- Born: United States
- Genre: Hardcore punk • punk rock • art punk
- Instrument: Guitar

= Philo Cramer =

American musician

Philo Cramer is an American musician best known as the lead guitarist for the Los Angeles punk band FEAR (Slash Records), from 1978 to 1993. He was a member of the band's classic lineup along with Spit Stix, Derf Scratch and frontman Lee Ving. He rejoined the group in 2018.

==Early life==
Hailing from Canoga Park, California, he graduated from the University of California, Los Angeles with a bachelor's degree in physics.

==Career==
Aside from FEAR, he was also in the art punk band The Cigarettes (Carlysle Records) from 1978 to 1979.

With FEAR, he appeared in Penelope Spheeris' documentary, The Decline of Western Civilization and played on their first two albums, The Record (1982) and More Beer (1985). FEAR performed "Beef Bologna", "New York's Alright If You Like Saxophones", and "Let's Have A War" on Saturday Night Live on October 31, 1981, with Cramer wearing a green dress; he also gave dollar bills to people in the crowd saying "I'll give you a dollar if you be my friend". FEAR was cut short to commercial on "Let's Have A War" because people in the crowd starting yelling "New York Sucks". Minor Threat's Ian Mackaye can be heard screaming the phrase shortly after the song "New York's Alright if You Like Saxophones". Lee Ving was the only original member of FEAR for many years; Cramer and drummer Spit Stix left in 1993, but returned in 2018 (according to the FEAR Facebook page).

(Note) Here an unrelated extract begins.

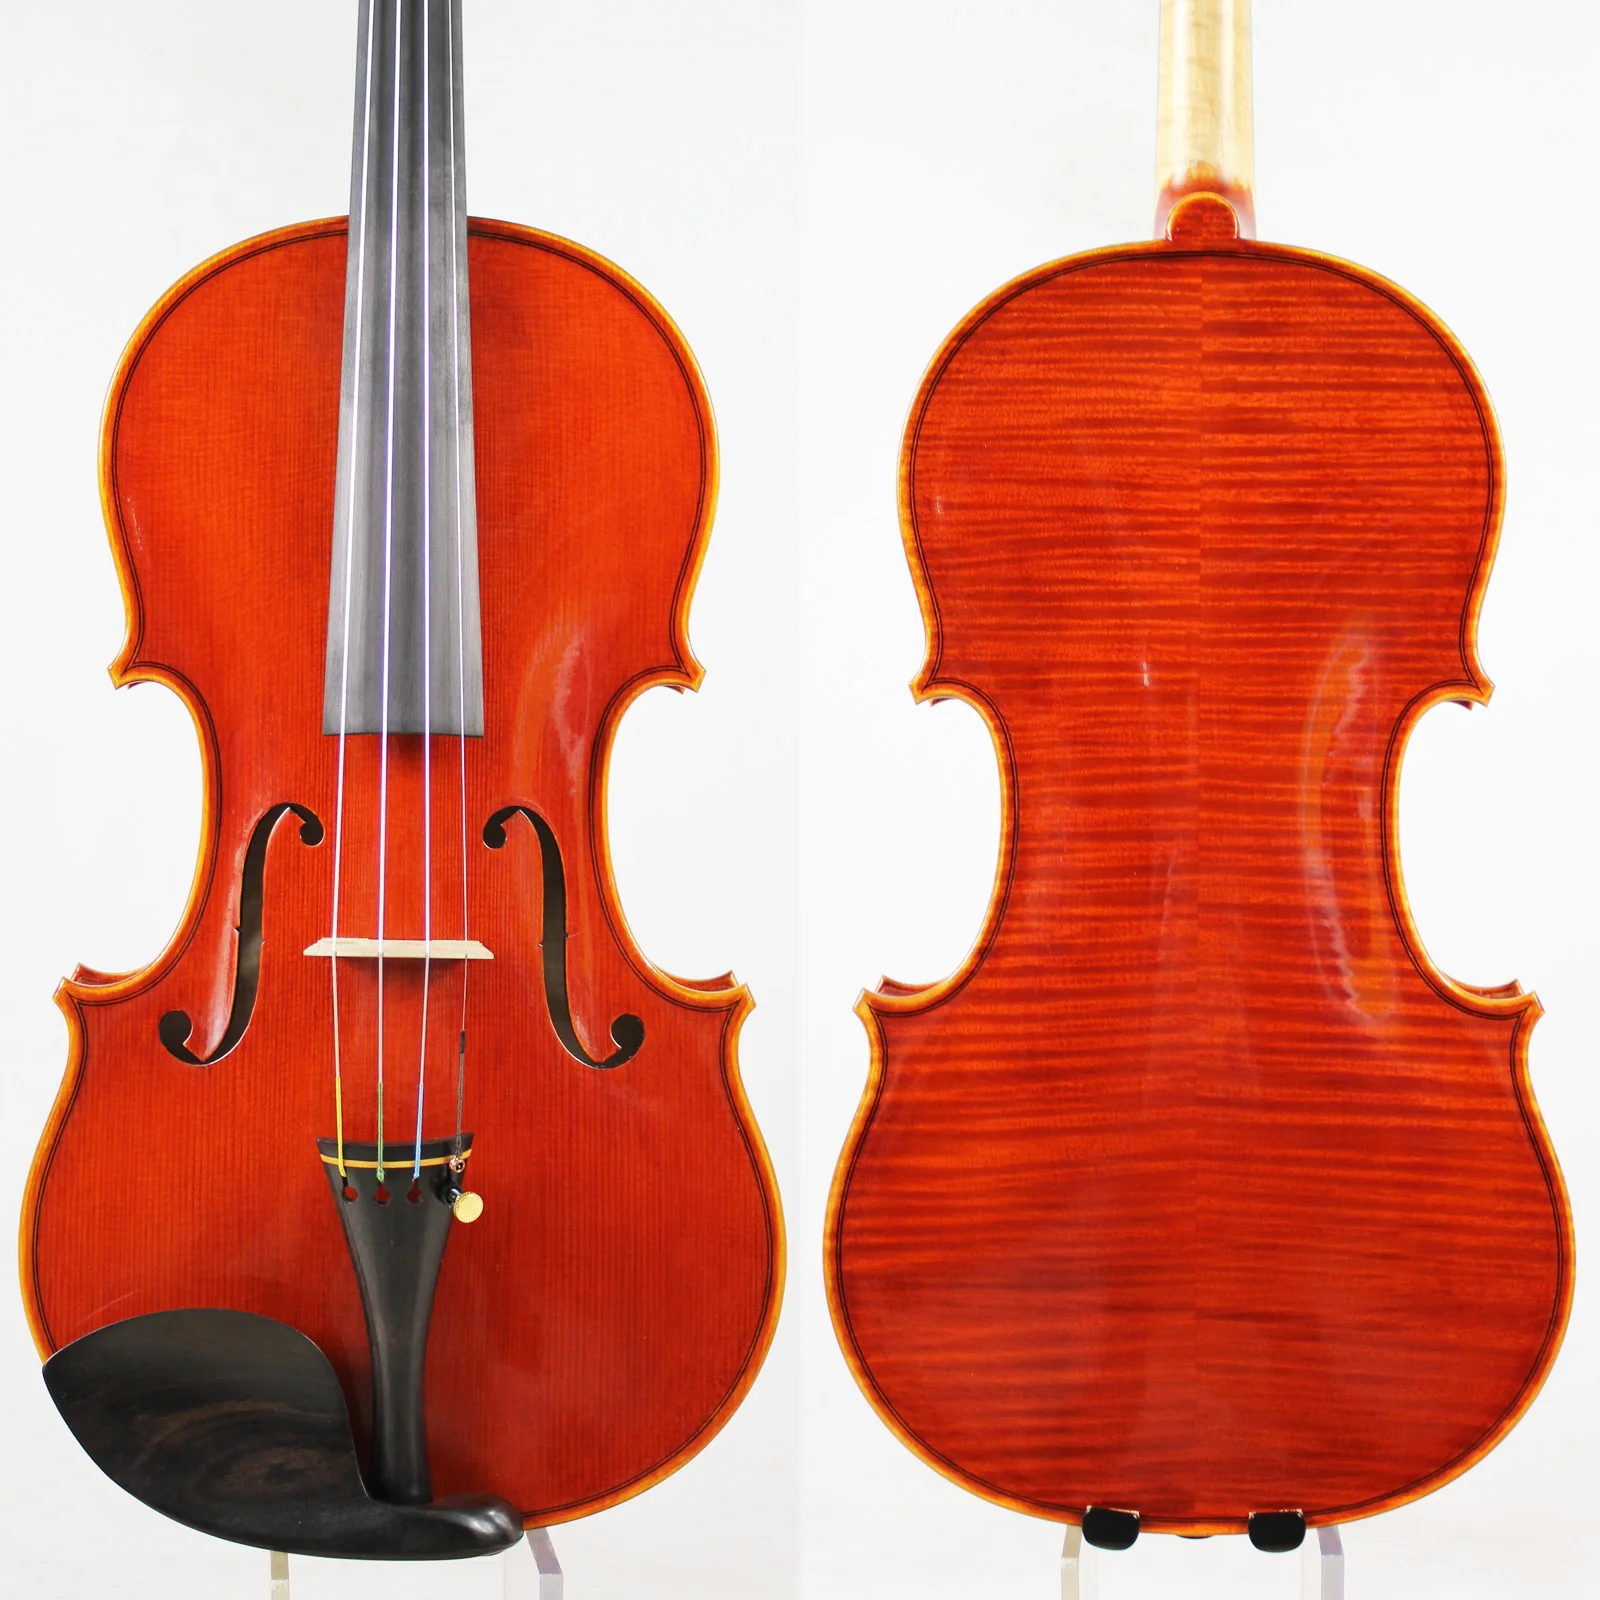 Мастер скрипки! Европейское дерево! Экземпляр Antonio Stradivari! Сильный и глубокий тон! Бесплатная доставка! Despiau мост! Доминантные 135B струны

Cramer also appeared in the movie Get Crazy as a band member. Briefly, in 1985, he formed a band with Agression drummer Mark Aber called King M'butu, also notable for containing Danny Dorman of Wasted Youth and Circle One. Cramer resides in Connecticut and plays in a band called The Fighting Cocks and occasionally plays FEAR cover songs with Connecticut post-punk group Red Temples.